What is being asked -
Below are some records. Return exactly their lines from the one containing "韓国カラコン「dooonut(ドーナツ)」" through the one containing "Асимметричный свитер с", and drop the pictures.

Records provided -

· · · · · · ·

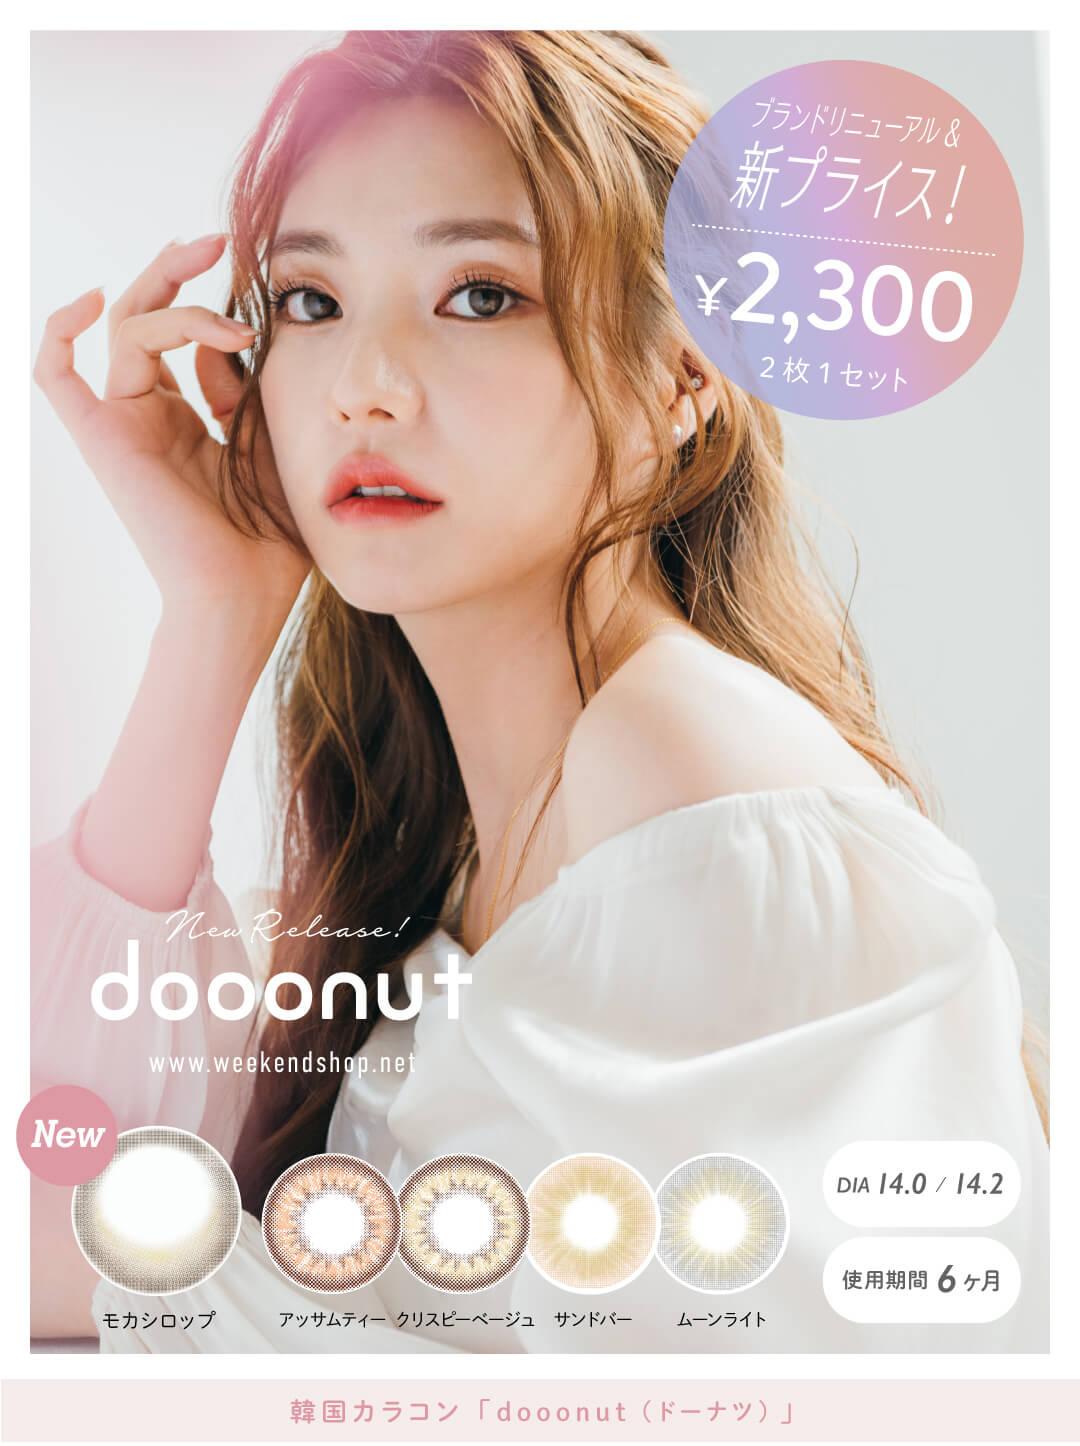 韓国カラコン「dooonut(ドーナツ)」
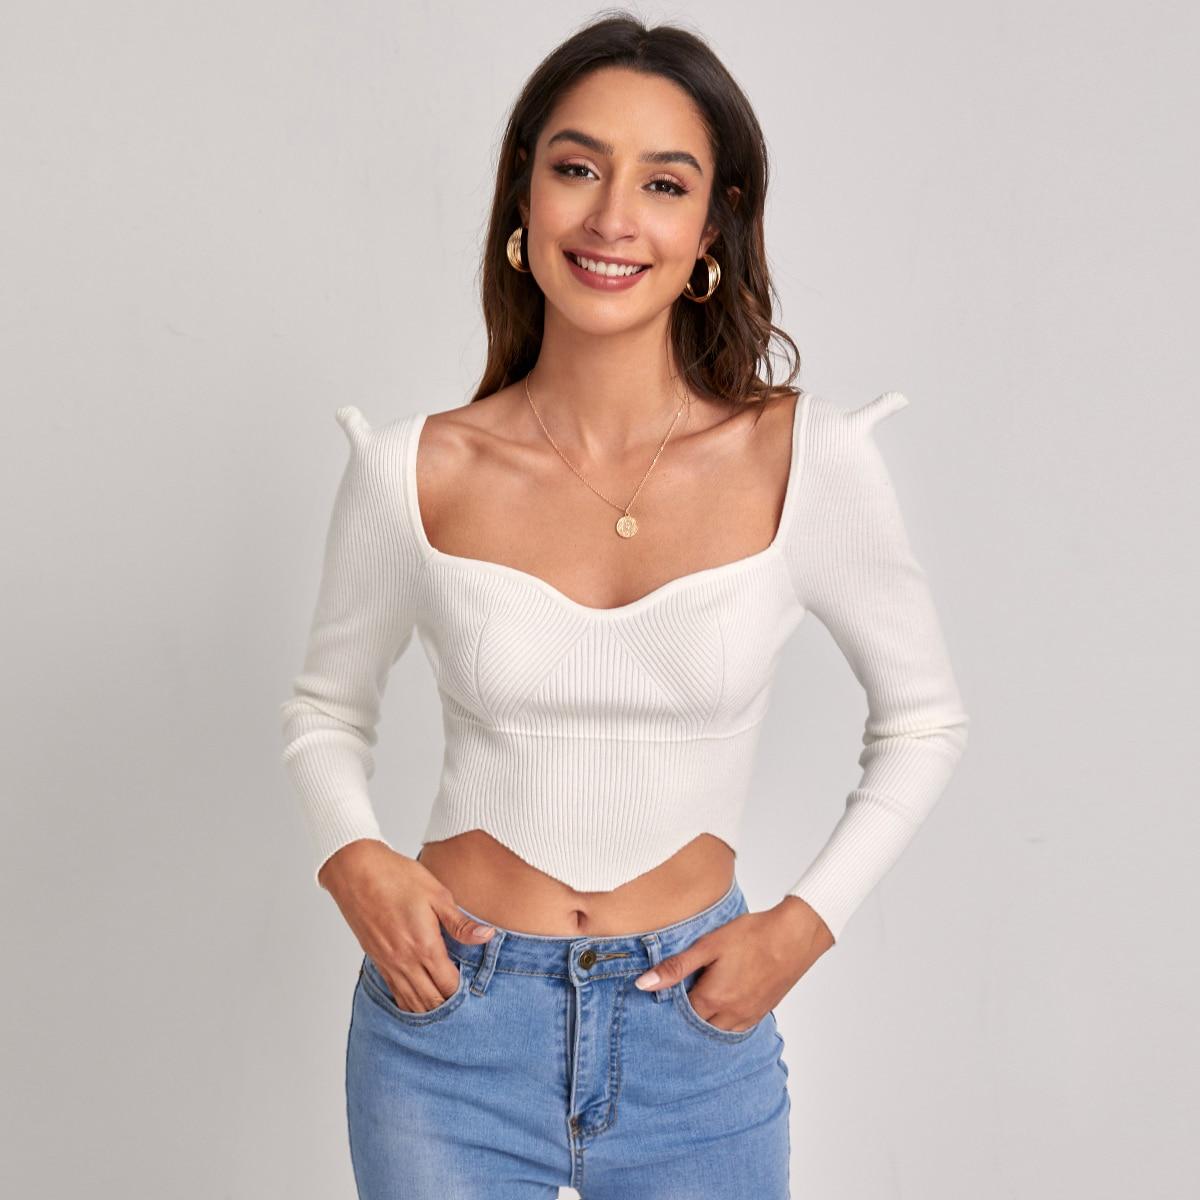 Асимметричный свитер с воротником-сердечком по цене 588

· · · · · · ·

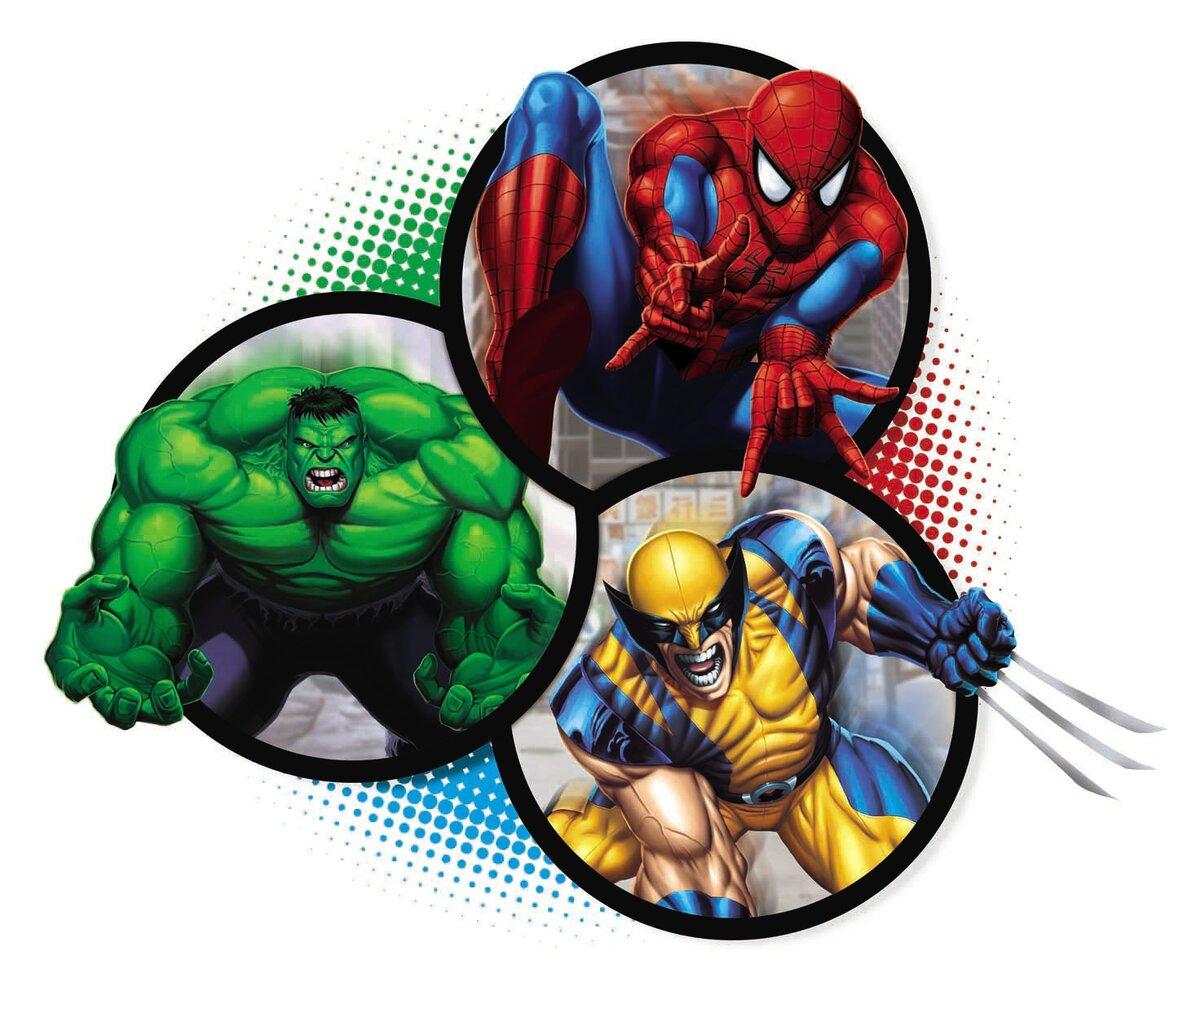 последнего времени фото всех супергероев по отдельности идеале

· · · · · · ·

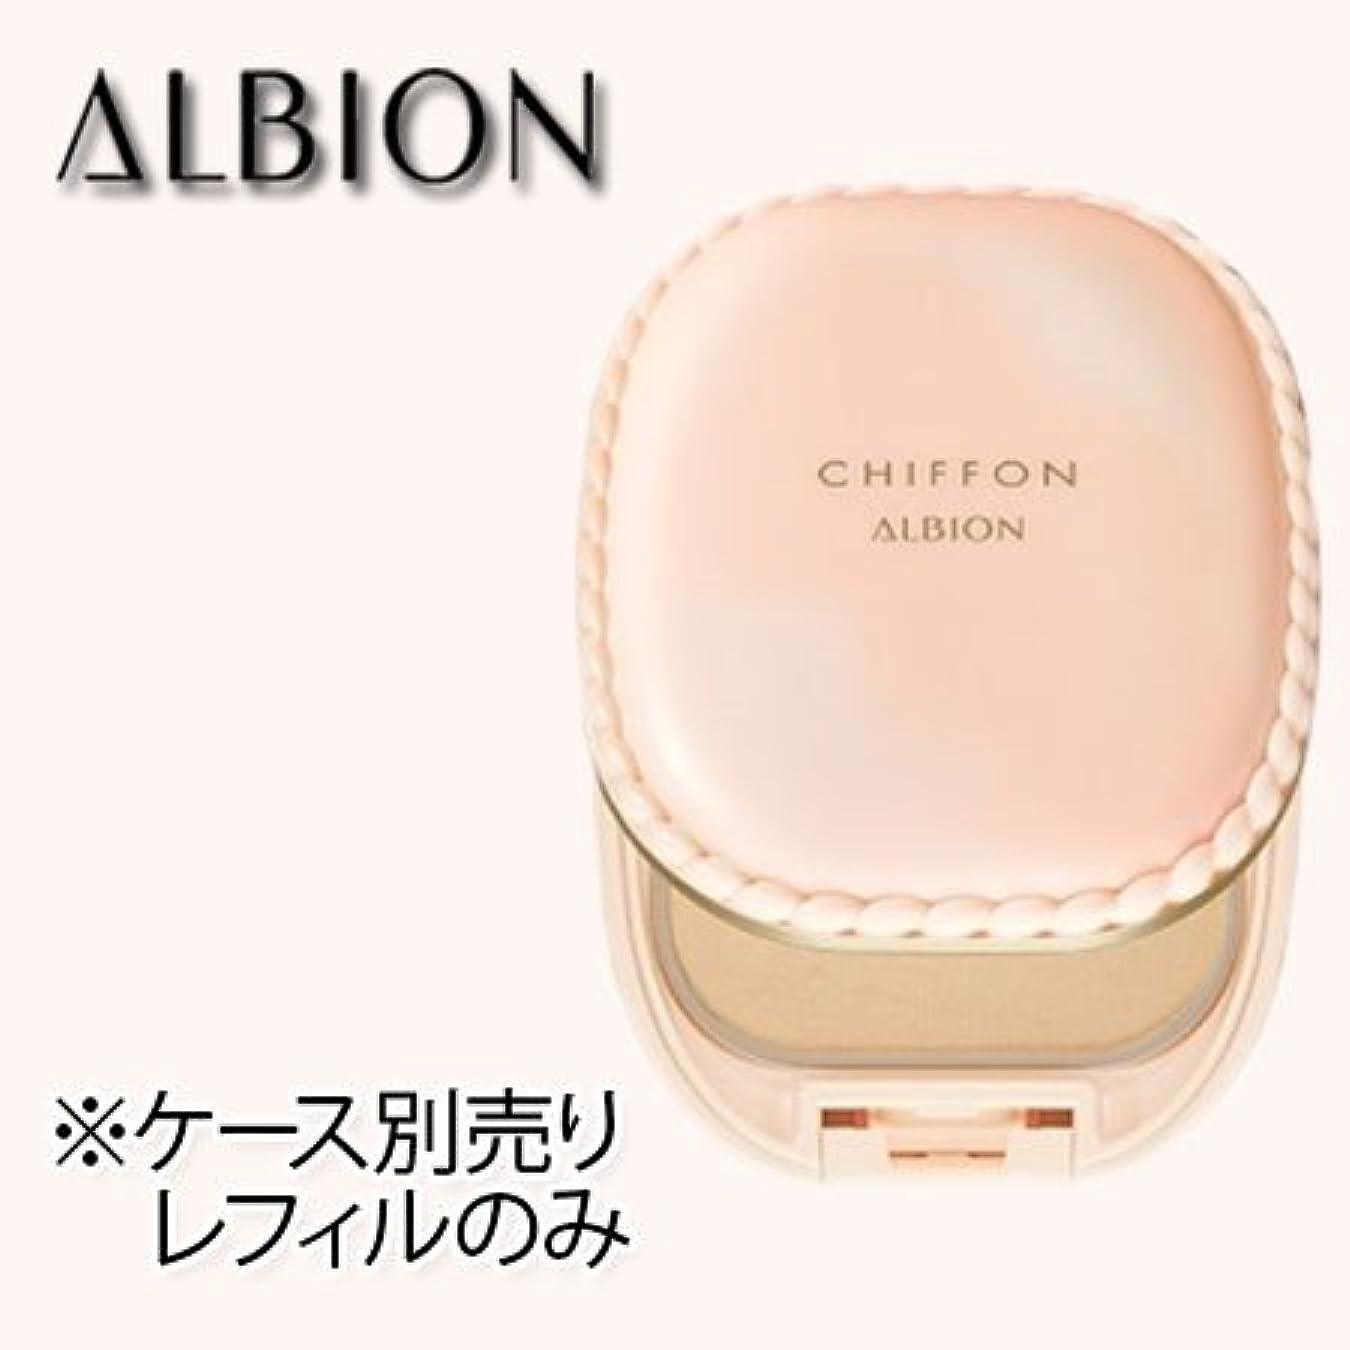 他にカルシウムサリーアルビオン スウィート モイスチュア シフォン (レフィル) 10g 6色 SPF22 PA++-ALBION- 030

· · · · · · ·

Answer space -
 韓国カラコン「dooonut(ドーナツ)」
 Асимметричный свитер с воротником-сердечком по цене 588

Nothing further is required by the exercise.